We're Still Winning!


Rich Lowry, who back in May of 2005 brought us this memorable cover - and cover story - about how "We're Winning" in Iraq, is back with a bag full of crackers for pollyanna and the Bush administration parrots:

The surge has succeeded in reducing sectarian killings in Baghdad and civilian casualties overall, but at the cost of increased U.S. casualties and without the Iraqi legislative accomplishments that were established as “political benchmarks.” Those benchmarks shouldn’t be fetishized. The reason that they were considered so important is that they were thought necessary to entice Sunnis away from the insurgency. Instead, the Sunnis have swung our way anyway, in reaction to al Qaeda brutality and to our strength.

By any measure, this is significant political progress — so significant, in fact, that no one even considered making it a “benchmark” at the beginning of the year. [emphasis added]

Here, Lowry gets the overall strategy considerably jumbled.

The "benchmarks" - to use his shorthand - are "considered so important" because they represent political concessions that could, potentially, woo Sunnis away from the civil wars and insurgencies that are rendering Iraq a failed state. They are supposed to offer a vehicle for political reconciliation that will bring combatants into the political process and away from violence, and help to forge a tripartite modus vivendi between the Sunnis, Kurds and Shiites. Without such a political reconciliation, there is no hope for any "victory" in Iraq. General Petraeus has said as much repeatedly.

However, instead of discussing The Surge (and associated political developments) using these criteria, Lowry focuses on how certain Sunni insurgent groups have "swung our way" - meaning they have been willing to work with us in targeting our mutual enemy: those groups that identify themselves using the "al-Qaeda" franchise.
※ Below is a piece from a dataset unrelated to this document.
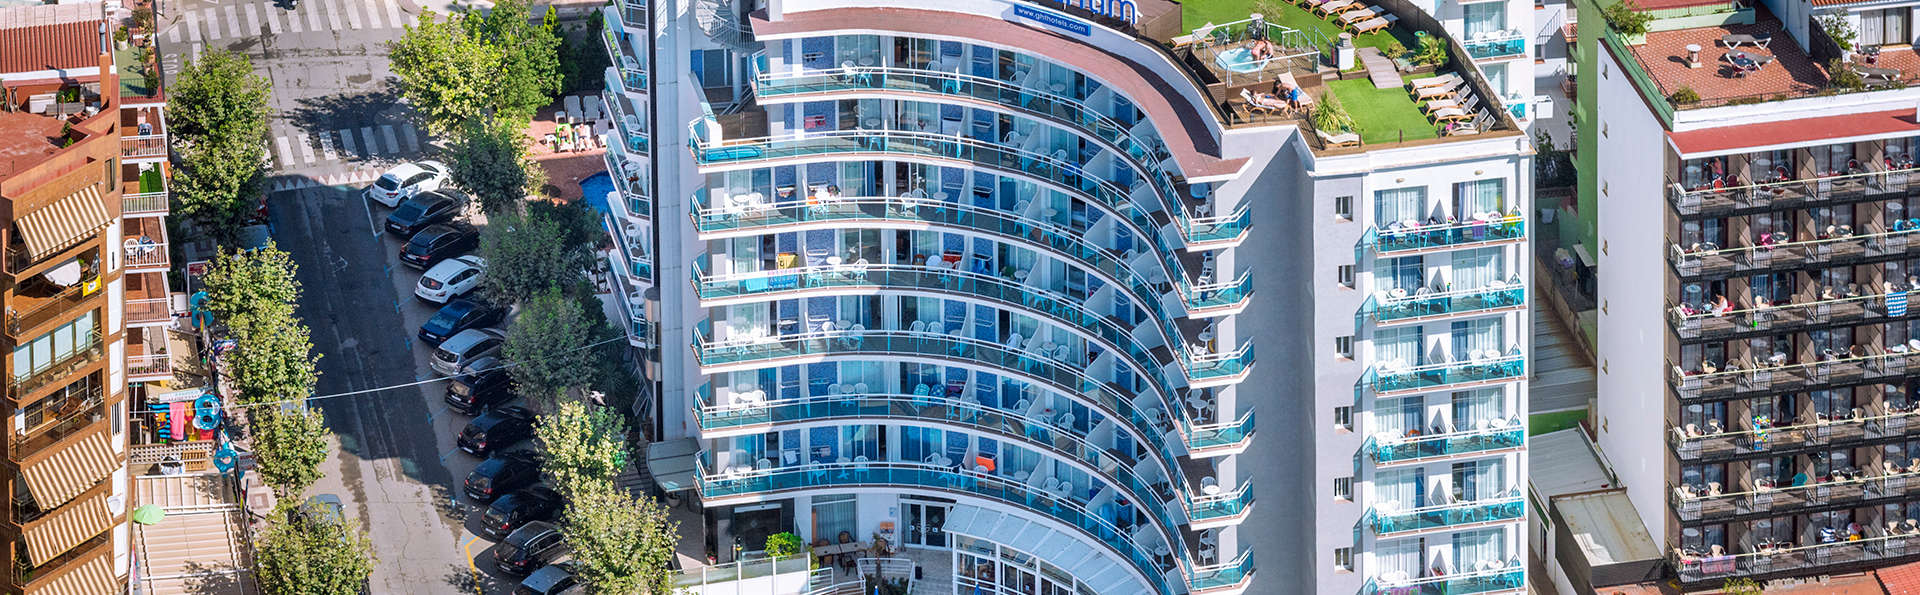 Hotel GHT Maritim - EDIT_NEW_FRONT.jpg
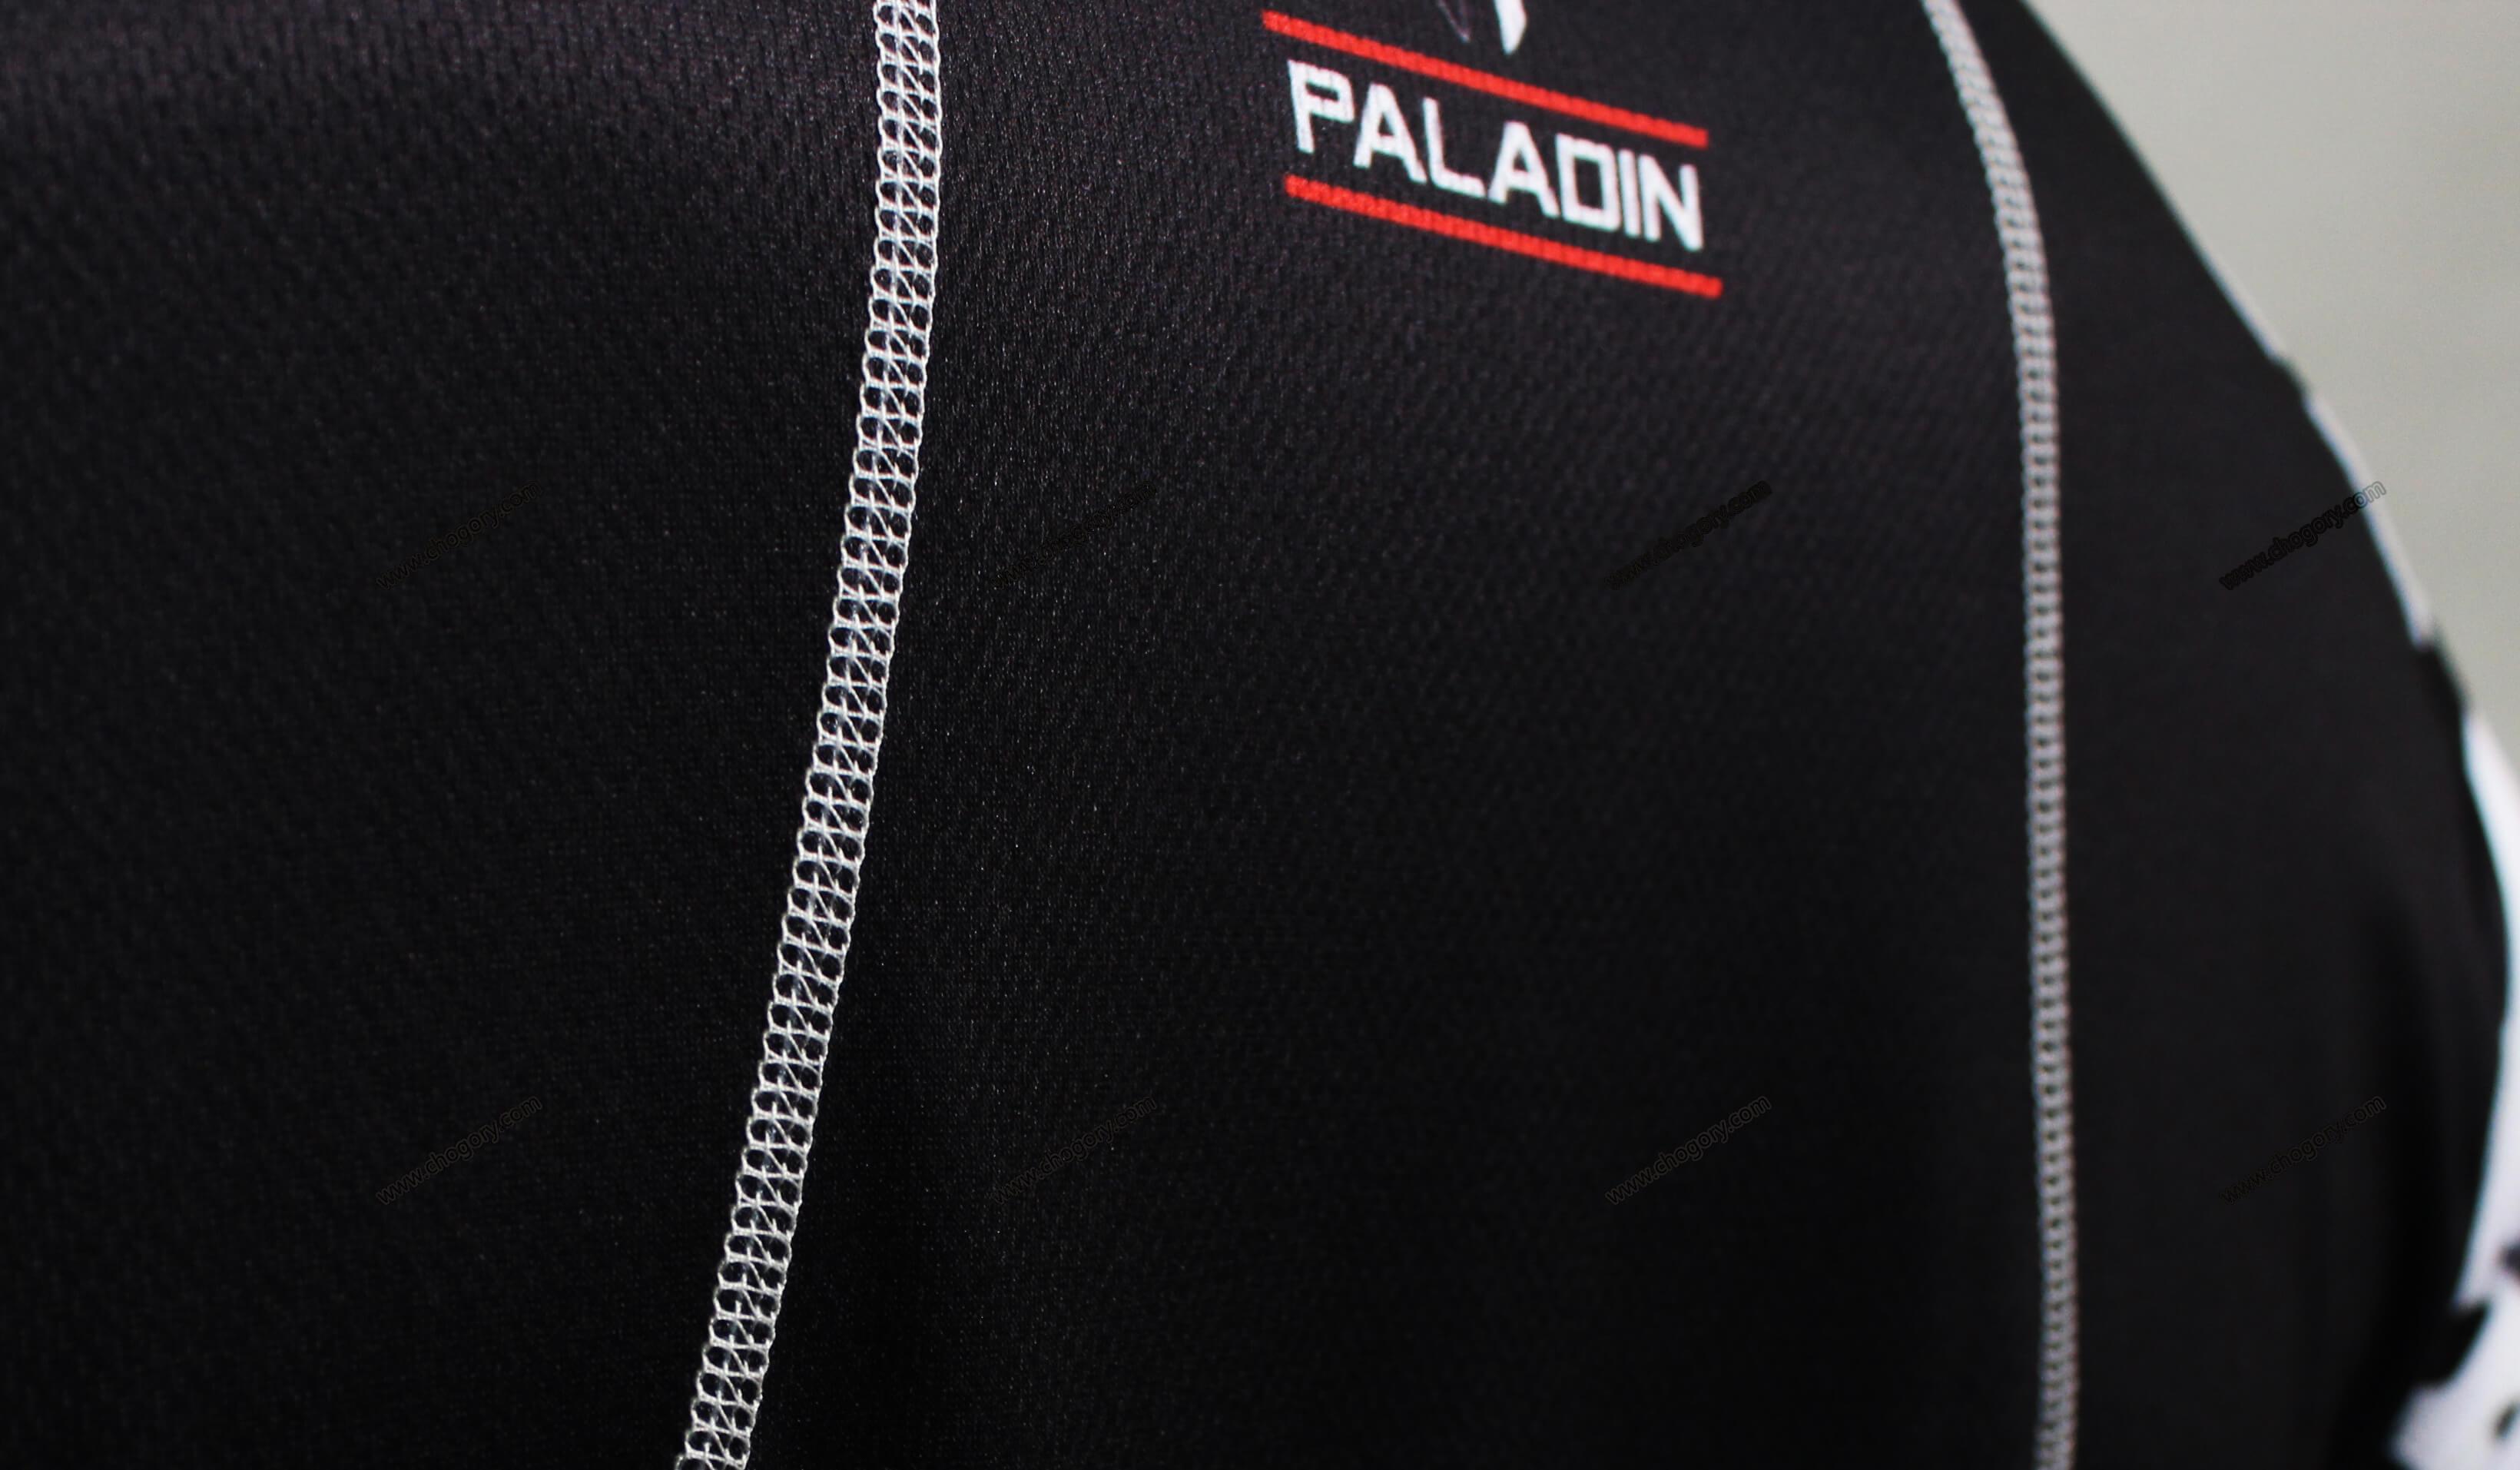 144f783fb ... Wave Patter Sleeves Black Cycling Jerseys Long Sleeve Men s Bike Jersey  ...

The problem is - and this is why this development does not represent "significant political progress" - that the same Sunni groups that are willing to work with us to go after al-Qaeda are still committed to waging war against the current Shiite/Kurdish dominated government, and to eventually rejoining the fight to eject us from Iraq. They are partaking in a temporary marriage of convenience with us, but the alliance is not a lasting one, and it does not accomplish the goal of bringing the various Iraqi factions together.

Lowry goes on:

The U.S. political argument over benchmarks is shot through with bad faith anyway. Would the advocates of retreat really have a different position if the Iraqi parliament had managed to pass an oil-revenue-sharing law already? Unlikely.

That depends. The current petroleum law being discussed is bitterly opposed by the Sunnis. So, if it were passed over unified Sunni objections, no, that wouldn't help the political reconciliation process. Passing laws that Sunnis vehemently oppose won't encourage them to opt for the political process over the military one, but rather push them further into armed resistance.

Along these lines, the various benchmarks should not be viewed as course-changing phenomena on their own. There is no magical, intrinsic quality that makes their enactment redemptive. The only worth of the various benchmarks is in their ability to deliver the desired end-game of a peaceful modus vivendi.

Now, if the political benchmarks can be implemented and the implementation can lead Sunnis, Shiites and Kurds to forge a political bond and cease fighting, then at least this advocate of withdrawal would have a different position (assuming our continued presence would be required after such a political resolution, which is not entirely clear).

Those are two enormous "ifs," though, and neither has a very good chance of breaking the right way, let alone both. Faced with those prospects, it's no surprise that Lowry would rather talk about some unrelated event that has actually occurred, and pretend that the deus just exed from the machina.